§ **What you should do**
Go to the line containing "AI outlet parmax" in the records below and print it and every following line exactly, on through the line containing "Artist: Josh Sheppard", then stop.

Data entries
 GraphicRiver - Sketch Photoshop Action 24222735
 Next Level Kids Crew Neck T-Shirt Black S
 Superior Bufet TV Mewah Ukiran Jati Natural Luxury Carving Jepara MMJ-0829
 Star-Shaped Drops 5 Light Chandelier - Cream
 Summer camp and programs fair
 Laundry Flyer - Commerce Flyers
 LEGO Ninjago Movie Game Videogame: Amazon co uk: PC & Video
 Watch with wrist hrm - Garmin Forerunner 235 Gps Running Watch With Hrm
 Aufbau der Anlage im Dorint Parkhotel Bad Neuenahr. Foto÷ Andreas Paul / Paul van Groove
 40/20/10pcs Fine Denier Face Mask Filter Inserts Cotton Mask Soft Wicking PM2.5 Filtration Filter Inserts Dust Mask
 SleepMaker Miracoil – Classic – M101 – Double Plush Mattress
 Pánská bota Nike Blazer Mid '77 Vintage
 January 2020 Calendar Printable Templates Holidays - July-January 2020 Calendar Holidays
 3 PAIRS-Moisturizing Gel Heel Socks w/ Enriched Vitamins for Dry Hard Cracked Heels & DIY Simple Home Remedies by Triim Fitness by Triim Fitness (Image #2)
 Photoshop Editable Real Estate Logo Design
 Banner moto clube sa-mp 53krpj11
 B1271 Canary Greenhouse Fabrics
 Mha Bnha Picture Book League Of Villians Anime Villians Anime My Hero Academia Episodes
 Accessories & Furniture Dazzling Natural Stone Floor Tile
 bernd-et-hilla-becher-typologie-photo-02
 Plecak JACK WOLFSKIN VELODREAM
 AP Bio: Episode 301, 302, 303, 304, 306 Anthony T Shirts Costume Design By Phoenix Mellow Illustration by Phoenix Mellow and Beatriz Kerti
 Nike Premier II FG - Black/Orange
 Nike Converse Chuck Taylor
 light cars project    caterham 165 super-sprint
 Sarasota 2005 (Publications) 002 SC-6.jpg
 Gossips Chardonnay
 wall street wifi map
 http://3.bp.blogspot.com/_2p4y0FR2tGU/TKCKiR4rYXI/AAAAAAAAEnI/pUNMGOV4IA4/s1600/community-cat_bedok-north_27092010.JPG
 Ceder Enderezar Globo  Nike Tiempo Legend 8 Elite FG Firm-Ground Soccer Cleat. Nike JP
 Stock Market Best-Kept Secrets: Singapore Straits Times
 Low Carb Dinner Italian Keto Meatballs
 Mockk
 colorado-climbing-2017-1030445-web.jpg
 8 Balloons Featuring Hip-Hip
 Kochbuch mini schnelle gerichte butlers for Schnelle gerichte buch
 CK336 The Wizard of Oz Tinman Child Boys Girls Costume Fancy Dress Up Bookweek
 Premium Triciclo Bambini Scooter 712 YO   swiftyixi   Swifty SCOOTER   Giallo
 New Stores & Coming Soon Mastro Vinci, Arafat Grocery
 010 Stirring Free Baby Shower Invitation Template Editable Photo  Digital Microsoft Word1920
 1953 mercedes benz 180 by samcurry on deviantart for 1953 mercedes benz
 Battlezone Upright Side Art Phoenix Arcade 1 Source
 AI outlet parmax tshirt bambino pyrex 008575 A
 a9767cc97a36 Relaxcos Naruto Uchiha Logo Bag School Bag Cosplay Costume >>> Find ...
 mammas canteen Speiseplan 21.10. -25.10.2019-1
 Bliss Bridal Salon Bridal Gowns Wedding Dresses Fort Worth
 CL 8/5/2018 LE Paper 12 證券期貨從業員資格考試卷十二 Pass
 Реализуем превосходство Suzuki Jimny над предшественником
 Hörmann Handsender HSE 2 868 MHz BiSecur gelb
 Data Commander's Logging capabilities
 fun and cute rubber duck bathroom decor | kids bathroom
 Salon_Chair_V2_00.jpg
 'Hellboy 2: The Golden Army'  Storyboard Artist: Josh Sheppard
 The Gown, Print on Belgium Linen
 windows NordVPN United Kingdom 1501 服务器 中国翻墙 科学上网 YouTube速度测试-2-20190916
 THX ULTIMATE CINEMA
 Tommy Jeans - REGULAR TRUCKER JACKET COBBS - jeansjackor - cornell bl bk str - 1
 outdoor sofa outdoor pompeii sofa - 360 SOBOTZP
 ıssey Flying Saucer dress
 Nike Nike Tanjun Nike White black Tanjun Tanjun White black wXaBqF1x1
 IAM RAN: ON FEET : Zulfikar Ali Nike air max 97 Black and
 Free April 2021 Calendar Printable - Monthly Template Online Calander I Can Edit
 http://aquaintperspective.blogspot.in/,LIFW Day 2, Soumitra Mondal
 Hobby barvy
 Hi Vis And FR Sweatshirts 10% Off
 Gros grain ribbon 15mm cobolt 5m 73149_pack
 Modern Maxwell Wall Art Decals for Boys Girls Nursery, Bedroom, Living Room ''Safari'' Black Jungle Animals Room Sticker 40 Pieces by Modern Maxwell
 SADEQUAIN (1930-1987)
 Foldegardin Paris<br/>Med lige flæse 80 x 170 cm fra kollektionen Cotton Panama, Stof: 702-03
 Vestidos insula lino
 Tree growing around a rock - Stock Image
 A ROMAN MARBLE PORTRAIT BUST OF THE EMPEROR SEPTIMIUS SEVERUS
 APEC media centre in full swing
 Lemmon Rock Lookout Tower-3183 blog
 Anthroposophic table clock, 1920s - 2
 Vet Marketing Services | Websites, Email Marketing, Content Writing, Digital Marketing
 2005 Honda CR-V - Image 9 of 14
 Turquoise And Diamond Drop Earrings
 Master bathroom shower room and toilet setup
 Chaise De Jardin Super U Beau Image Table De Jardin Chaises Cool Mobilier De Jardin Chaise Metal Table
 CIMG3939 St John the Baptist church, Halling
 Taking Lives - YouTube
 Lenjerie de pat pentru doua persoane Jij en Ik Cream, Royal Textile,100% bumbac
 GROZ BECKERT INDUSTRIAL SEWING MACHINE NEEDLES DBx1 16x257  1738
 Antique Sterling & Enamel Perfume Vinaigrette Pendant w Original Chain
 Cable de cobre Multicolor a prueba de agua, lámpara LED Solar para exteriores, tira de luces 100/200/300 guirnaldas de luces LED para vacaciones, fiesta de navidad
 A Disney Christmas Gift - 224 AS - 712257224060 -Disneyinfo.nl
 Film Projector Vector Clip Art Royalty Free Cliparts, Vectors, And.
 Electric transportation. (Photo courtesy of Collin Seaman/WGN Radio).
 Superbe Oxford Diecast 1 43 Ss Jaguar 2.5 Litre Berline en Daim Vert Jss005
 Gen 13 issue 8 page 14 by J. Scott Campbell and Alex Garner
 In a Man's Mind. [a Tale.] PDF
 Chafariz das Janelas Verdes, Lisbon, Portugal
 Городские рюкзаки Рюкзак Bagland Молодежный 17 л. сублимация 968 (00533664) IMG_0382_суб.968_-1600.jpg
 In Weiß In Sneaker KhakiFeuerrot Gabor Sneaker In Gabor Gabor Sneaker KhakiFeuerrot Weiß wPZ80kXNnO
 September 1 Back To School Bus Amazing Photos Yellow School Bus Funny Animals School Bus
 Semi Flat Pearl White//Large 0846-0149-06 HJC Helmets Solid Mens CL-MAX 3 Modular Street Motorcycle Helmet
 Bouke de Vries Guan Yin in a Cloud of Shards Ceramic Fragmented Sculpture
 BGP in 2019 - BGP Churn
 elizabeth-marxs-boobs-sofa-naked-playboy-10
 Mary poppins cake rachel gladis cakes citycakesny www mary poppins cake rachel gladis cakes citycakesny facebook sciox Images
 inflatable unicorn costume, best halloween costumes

§ **Answer area**
 AI outlet parmax tshirt bambino pyrex 008575 A
 a9767cc97a36 Relaxcos Naruto Uchiha Logo Bag School Bag Cosplay Costume >>> Find ...
 mammas canteen Speiseplan 21.10. -25.10.2019-1
 Bliss Bridal Salon Bridal Gowns Wedding Dresses Fort Worth
 CL 8/5/2018 LE Paper 12 證券期貨從業員資格考試卷十二 Pass
 Реализуем превосходство Suzuki Jimny над предшественником
 Hörmann Handsender HSE 2 868 MHz BiSecur gelb
 Data Commander's Logging capabilities
 fun and cute rubber duck bathroom decor | kids bathroom
 Salon_Chair_V2_00.jpg
 'Hellboy 2: The Golden Army'  Storyboard Artist: Josh Sheppard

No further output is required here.